Data cleaning, pre-processing, and Analytics on a million movies using Spark and Scala.

GitHub GitHub top language GitHub language count GitHub last commit ViewCount

Overview

Solving analytical questions on the semi-structured MovieLens dataset containing a million records using Spark and Scala.

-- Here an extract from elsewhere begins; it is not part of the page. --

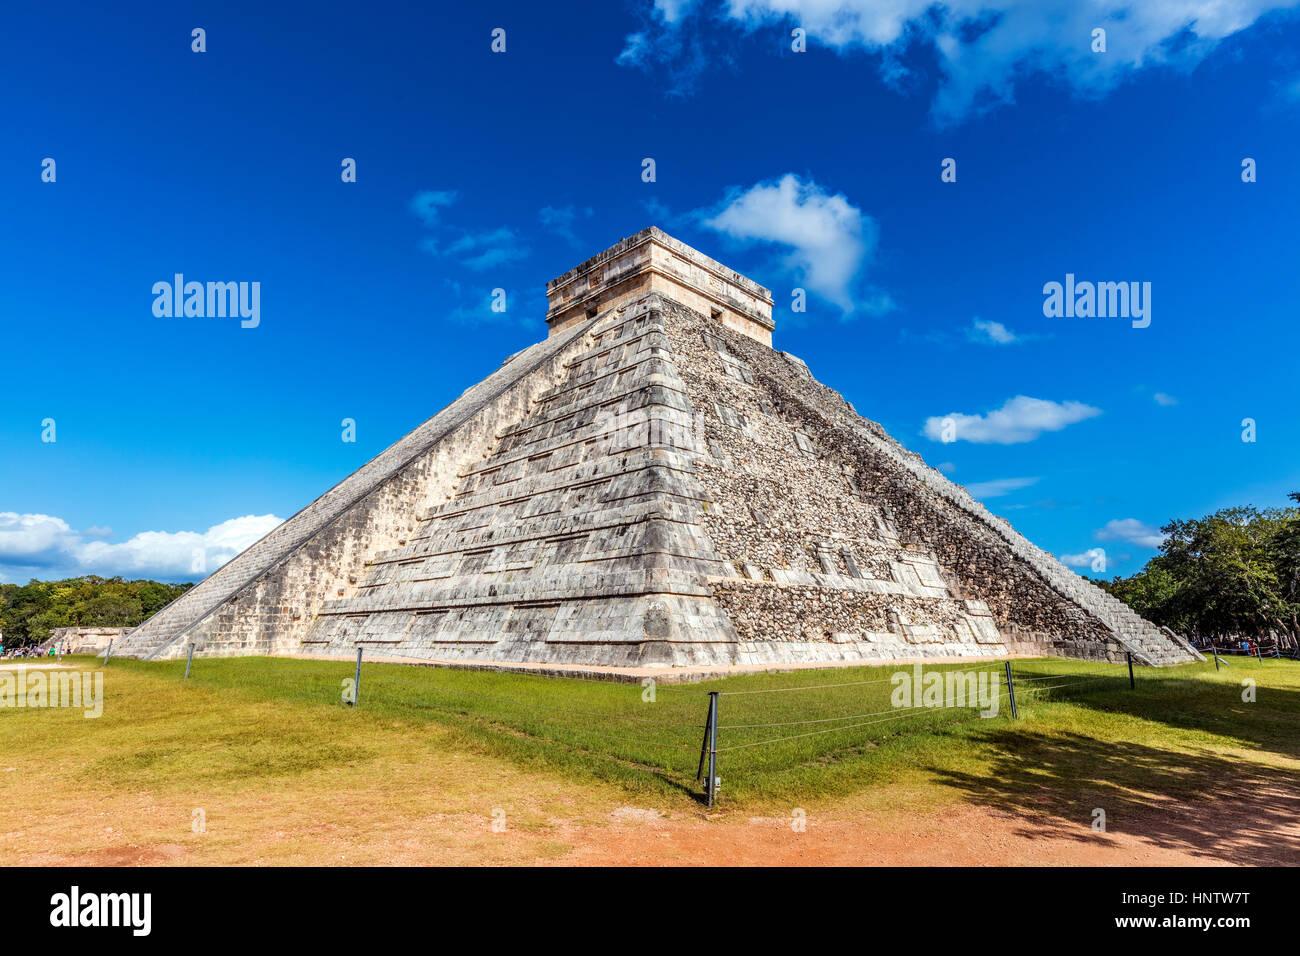 Stock Photo - Temple de Kukulcan à Chichen Itza, Mexique Photo Stock

This features the use of Spark RDD, Spark SQL and Spark Dataframes executed on Spark-Shell (REPL) using Scala API. We aim to draw useful insights about users and movies by leveraging different forms of Spark APIs.

Table of Contents

Major Components

Apache Spark Logo Scala

Environment

  • Linux (Ubuntu 15.04)
  • Hadoop 2.7.2
  • Spark 2.0.2
  • Scala 2.11

Installation steps

  1. Simply clone the repository

    git clone https://github.com/Thomas-George-T/Movies-Analytics-in-Spark-and-Scala.git
    
  2. In the repo, Navigate to Spark RDD, Spark SQL or Spark Dataframe locations as needed.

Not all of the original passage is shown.